Hacker News new | ask | show | jobs
by nickpsecurity 852 days ago
Distributed, shared memory machines used to do exactly that in HPC space. They were a NUMA alternative. It works if the processing plus high-speed interconnect are collectively faster than the request rate. The 8x setups with NVLink are kind of like that model.

You may have meant that nobody has a stack that uses clustering or DSM with low-latency interconnects. If so, then that might be worth developing given prior results in other low-latency domains.

2 comments

> Distributed, shared memory machines used to do exactly that in HPC space.

reformed HPC person here.

Yes, but not latency optimised in the case here. HPC is normally designed for throughput. Accessing memory from outside your $locality is normally horrifically expensive, so only done when you can't avoid it.

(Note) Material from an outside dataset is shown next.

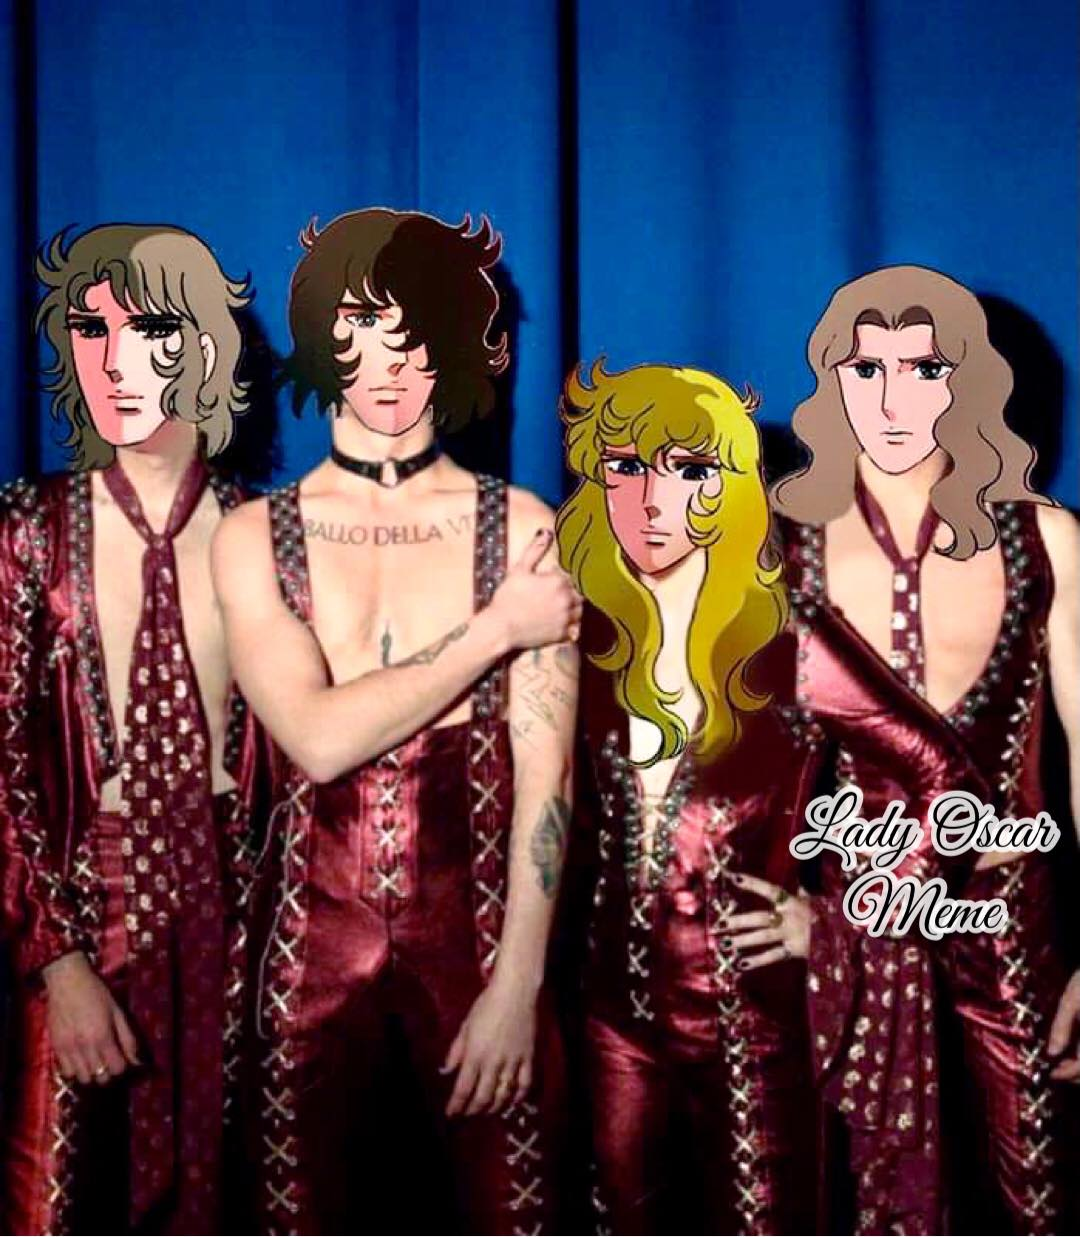 maneskin eurovision lady oscar
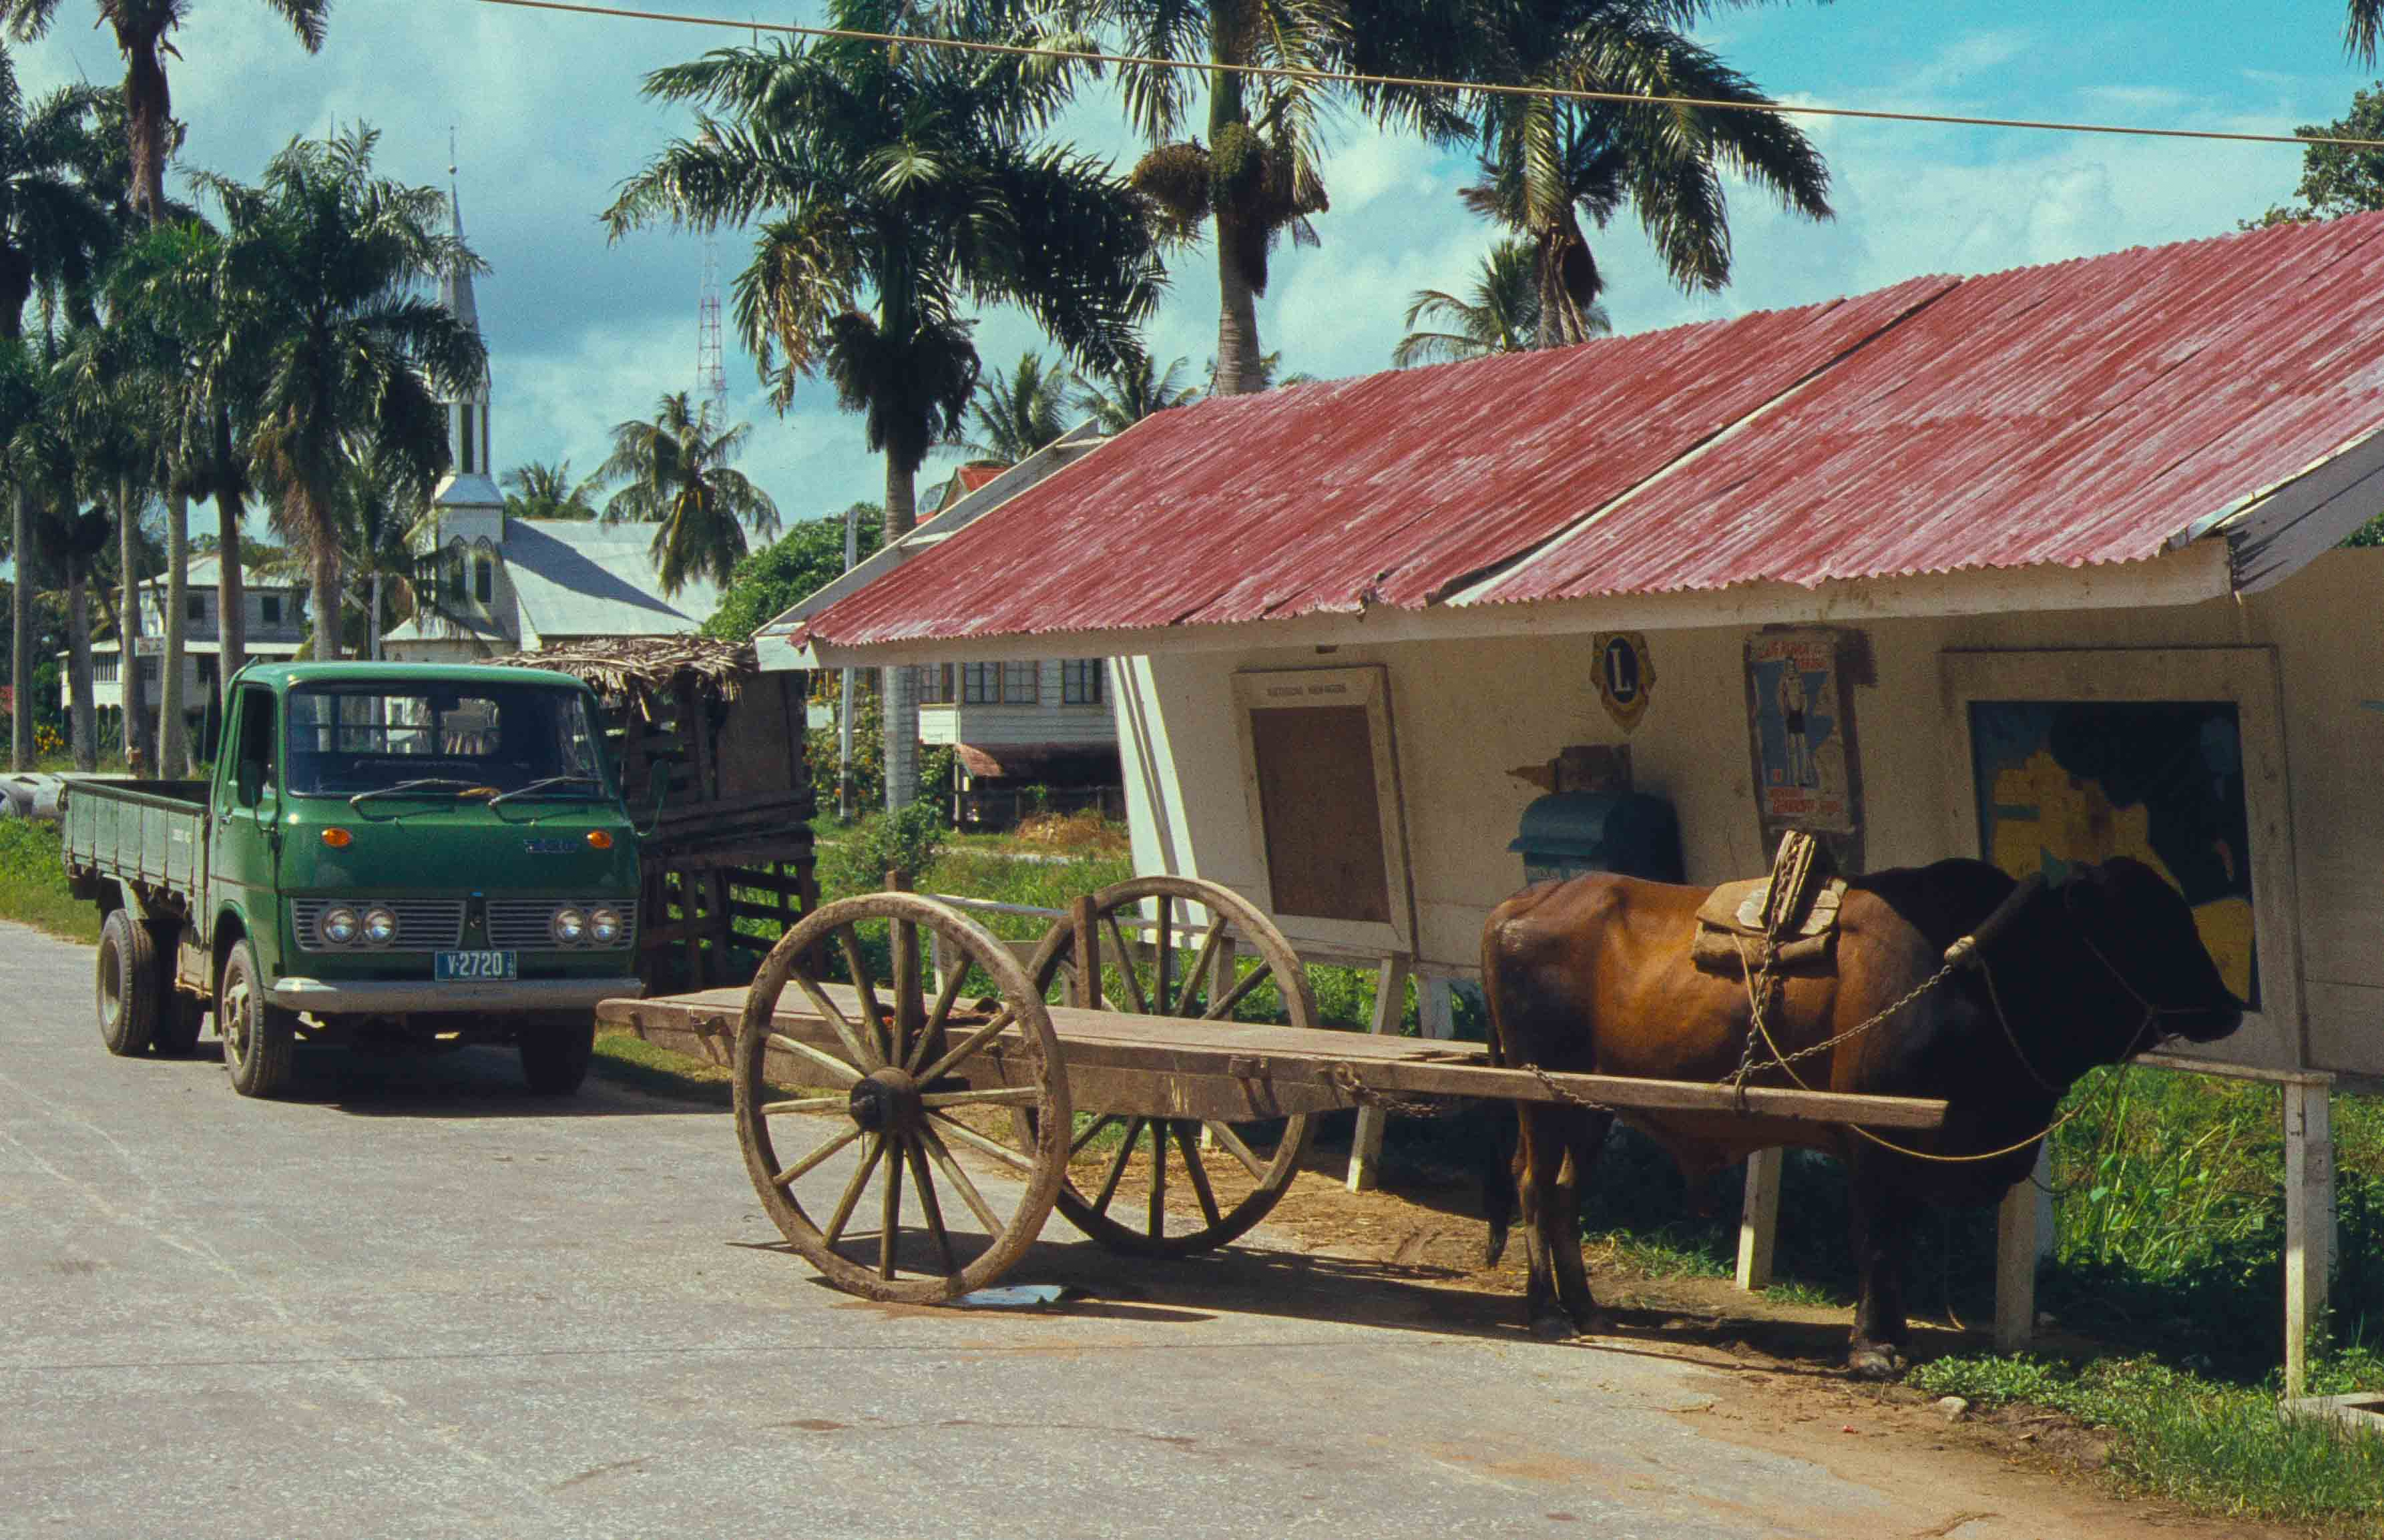 345. Suriname

For most serving cases, you'd be much happier having a bunch of servers with a number of groqs in them, than managing a massive HPC cluster and trying to keep it both up and secure. The connection access model is much more traditional.

Shared memory clusters are not really compatible with secure enduser access. It is possible to partition memory access, but its something thats not off the shelf (well that might have changed recently.) Also, shared memory means shared fuckups.

I do get what you're hinting at, but if you want to serve low latency, high compute "messages" then discrete "APU" cards are a really good way to do it simply (assuming you can afford it). HPCs are fun, but its not fun trying to keep them up with public traffic on them

It would probably be a cluster of thin nodes with GPU’s or low-cost accelerators over a low-latency interconnect. The DSM would be layered on top of that. The AI cluster would handle processing with security, etc done more by other components. They’re usually layered.

I agree it’s harder to manage with less, fine-grained security. People were posting Groq chips at $20k each, though. With that, we’re talking whether the management of it is worth it for installations costing six or more digits. That might be more justifiable if an alternative saves them a good chunk of six or more digits.

Their main advantage is a solution that’s ready to go :)

I think existing players will have trouble developing a low latency solution like us whilst they are still running on non-deterministic hardware.
While you’re here, I have a quick, off-topic question. We‘ve seen incredible results with GPT3-176B (Davinci) and GPT4 (MoE). Making attempts at open models that reuse their architectural strategies could have a high impact on everyone. Those models took 2500-25000 GPU’s to train, though. It would be great to have a low-cost option for pre training Davinci-class models.

It would great if a company or others with AI hardware were willing to do production runs of chips sold at cost specifically to make open, permissive-licensed models. As in, since you’d lose profit, the cluster owner and users would be legally required to only make permissive models. Maybe at least one in each category (eg text, visual).

Do you think your company or any other hardware supplier would do that? Or someone sell 2500 GPU’s at cost for open models?

(Note to anyone involved in CHIPS Act: please fund a cluster or accelerator specifically for this.)

Great idea, but Groq doesn't have a product suitable for training at the moment. Our LPUs shine in inference.
What do you mean by non-deterministic hardware? cuBLAS on a laptop GPU was deterministic when I tried it last iirc
Tip of the ice-berg.

DRAM needs to be refreshed every X cycles.

This means you don't know the time it takes to read from memory. You could be reading at a refresh cycle. This circuitry also adds latency.

OP says SRAM, which doesn't decay so no refreshing.
Timing can simply mean the FETs that make up the logic circuits of a chip. The transition from high to low and low to high has a minimum safe time to register properly...
Non-deterministic timing characteristics.